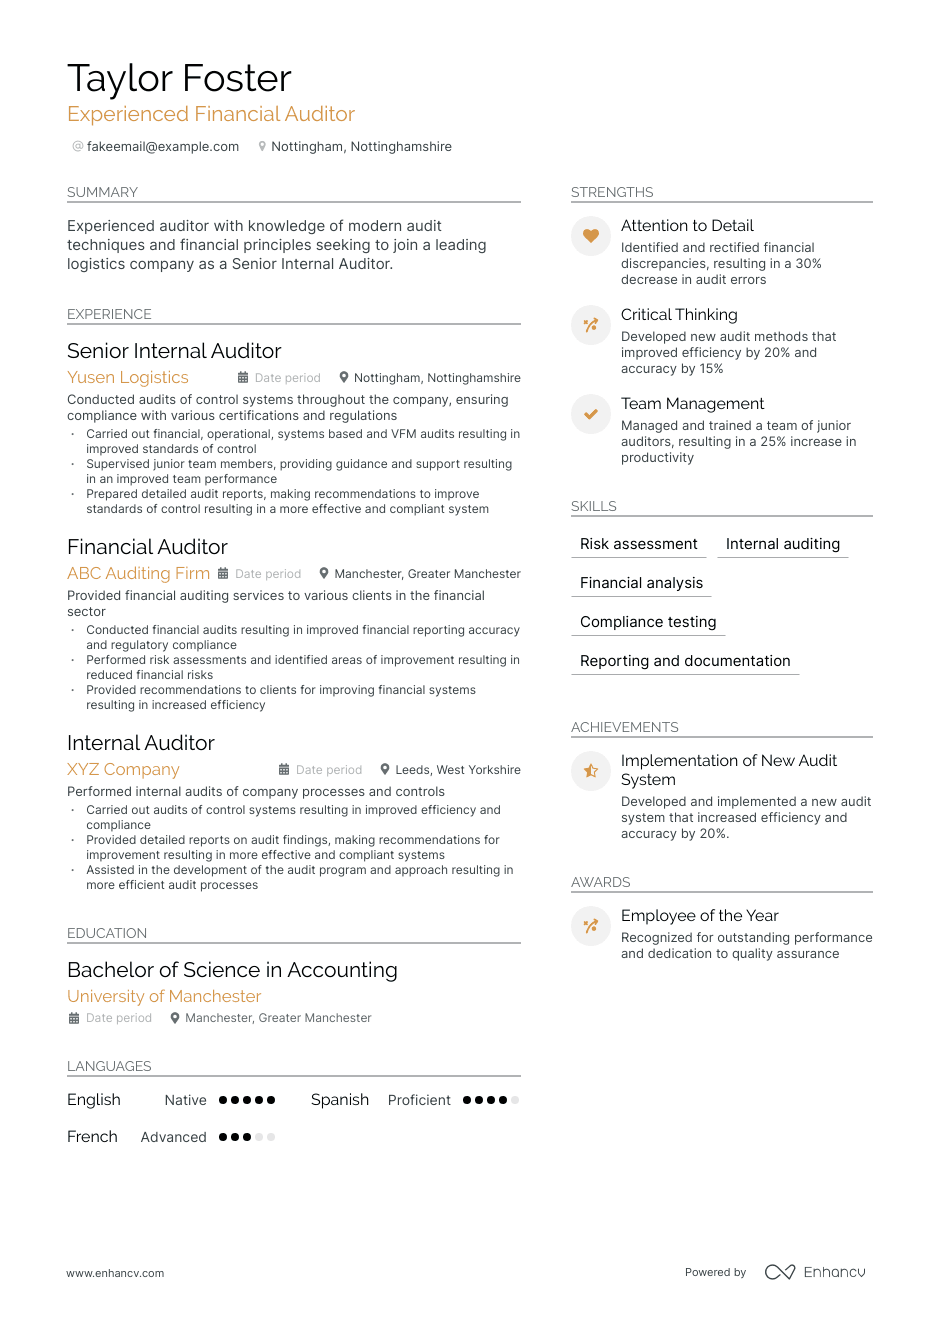 Financial Auditor resume example
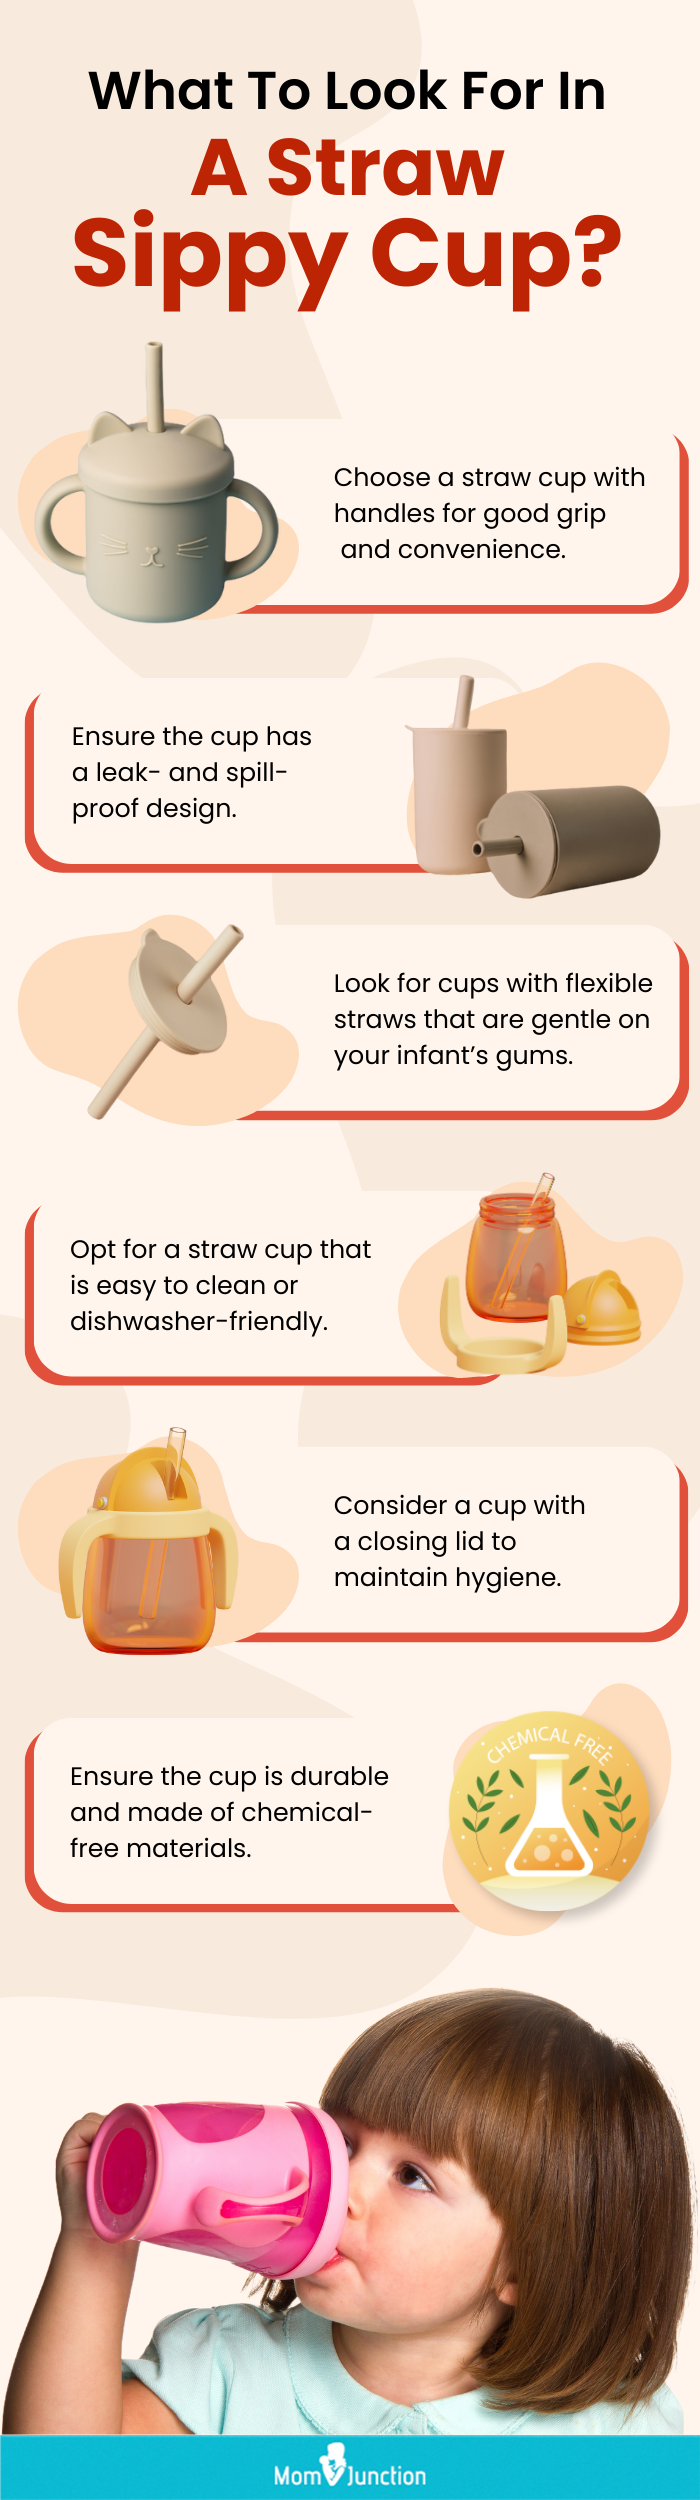 https://www.momjunction.com/wp-content/uploads/2021/09/Infographic-Things-To-Consider-When-Buying-A-Straw-Sippy-Cup.png
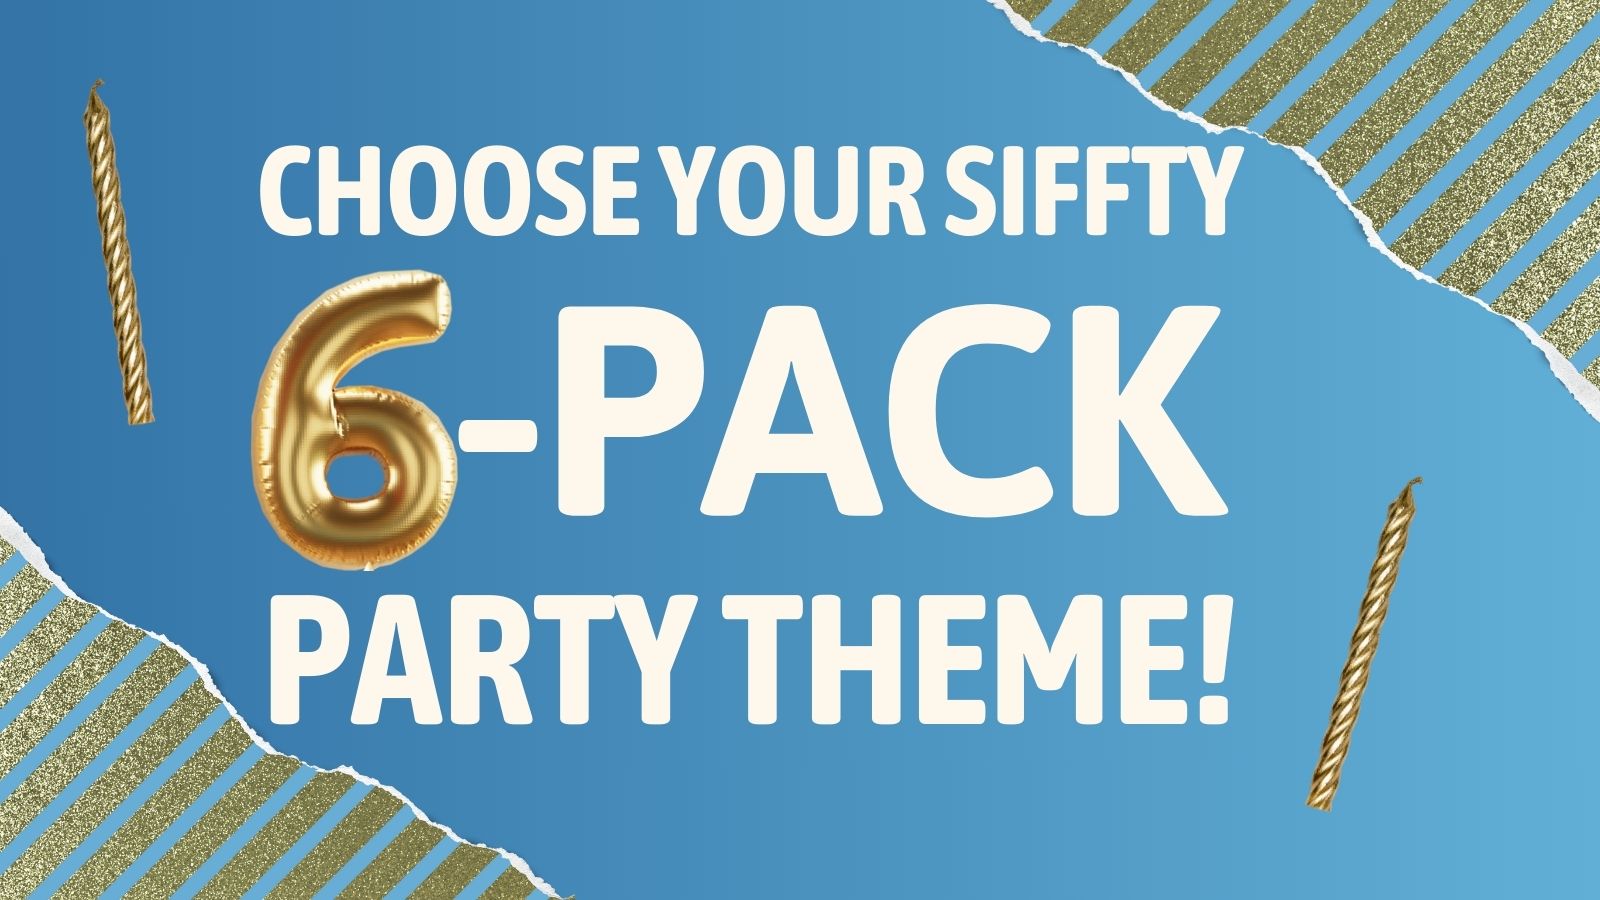 Choose Your SIFFTY 6-Pack Party Theme!
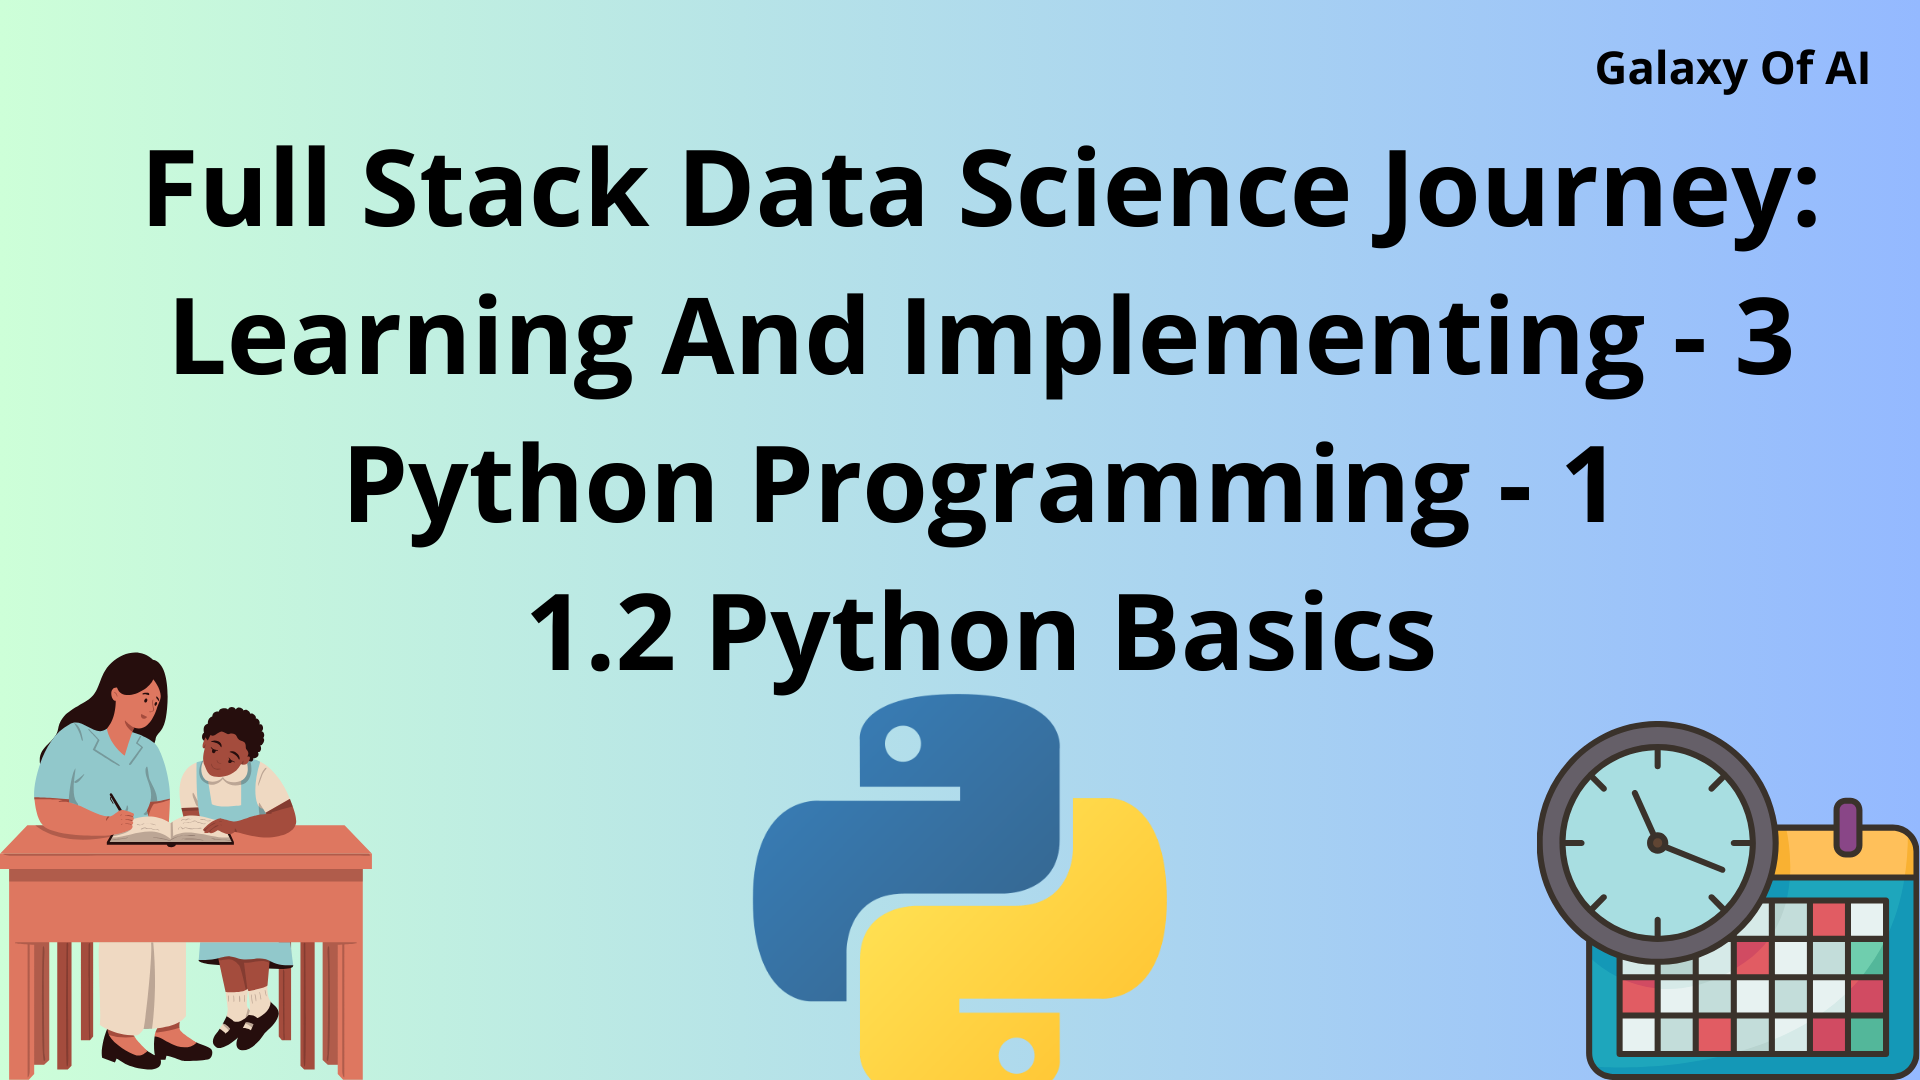 Full Stack Data Science Journey: Learning And Implementing - 3 Python Programming - 1 1.2 Python Basics

════════════════

■ PROBLEM DETAILS
Transcribe the whole listing, character for character, but not its images.

■ WRITTEN SOLUTION
 Financial Auditor resume example
 https://www.momjunction.com/wp-content/uploads/2021/09/Infographic-Things-To-Consider-When-Buying-A-Straw-Sippy-Cup.png
 Choose Your SIFFTY 6-Pack Party Theme!
 Full Stack Data Science Journey: Learning And Implementing - 3 Python Programming - 1 1.2 Python Basics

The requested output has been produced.